[profile] fattypatties speaks for me

11 Mar 2006 09:20 pm
firecat: red panda, winking (flikr essv)
[personal profile] firecat
Others posted it while she was in the middle of writing it. Now it's finished, and it's fucking brilliant. Start at the bottom of the page and read up.

Top 10 Things I am Tired of Discussing in the fat-acceptance community

I'll have more to say about this later; I'm still taking it all in.

Date: 12 Mar 2006 07:53 am (UTC)
From: [identity profile] starcat-jewel.livejournal.com
This section really jumped out at me:

The way to fight stigma is to confront those who practice bigotry, not by justifying or mitigating any characteristics of anyone who is being stigmatized.

Instead of saying "we are not lazy" -- we need to say "stop putting people in groups and declaring that some people are lazy by the way they look."

Instead of saying "we are healthy" -- we need to say "stop deciding who is healthy and who is not healthy by setting up arbitrary criteria and then declaring that some people are unhealthy by the way they look."

Instead of saying "we are beautiful" -- we need to say "stop creating such narrow standards of beauty that most people feel ugly."

Instead of saying "we are good" -- we need to say "stop deciding the morality of others on the basis of how they look."

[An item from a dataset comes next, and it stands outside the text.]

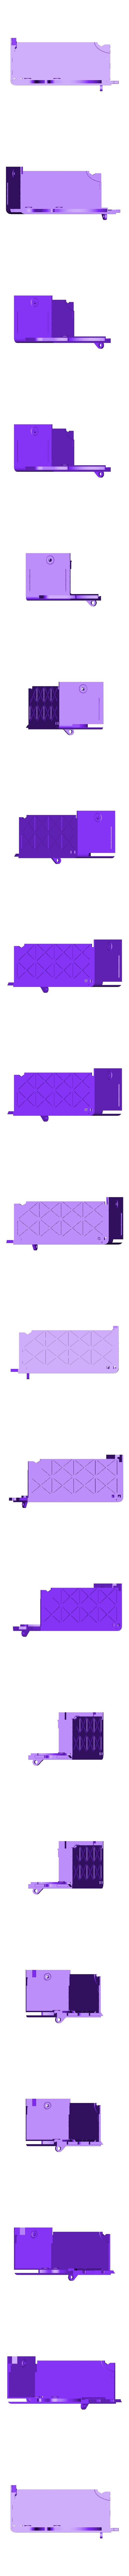 Cont liv 1 n4.stl Download STL file Multiple container ( closed 180x370mm) construction Contenitore multipla trasportabile Multibox • 3D printable design, mikifly10

We have nothing to justify. It is bigotry that must change and trying to prove ourselves to that bigotry is a lost cause.


I tend to be sensitive to linguistic issues, because I've seen more deconstruction of them than most people have. The minute you attempt justification in a situation like the above, you've lost -- because you have tacitly acknowledged the other person's basic assumption to be correct. You must look for the hidden assumption beneath the overt argument, bring it into the open, and confront it directly.

A classic example: Someone asks you, possibly in the course of a discussion about fat-hostility issues, "Why are you always so disagreeable?" Responding with "I'm not disagreeable" is playground-level, of the "Am not!" "Are too!" variety, and does no good at all. Any response that starts with "Because..." has already tacitly accepted the label "disagreeable". A much better option is to ask, "What makes you feel that I'm being disagreeable?" You're attempting to elicit specific responses, not a general label which can never be disproven.

If you're not already reading [livejournal.com profile] ozarque's journal, I highly recommend it. She is a professional linguist who has made a lifelong study of hostile language in interpersonal discourse and written several excellent books about it. Knowing how to defend against common linguistic traps makes you a much better proponent for your position -- whatever that position may be.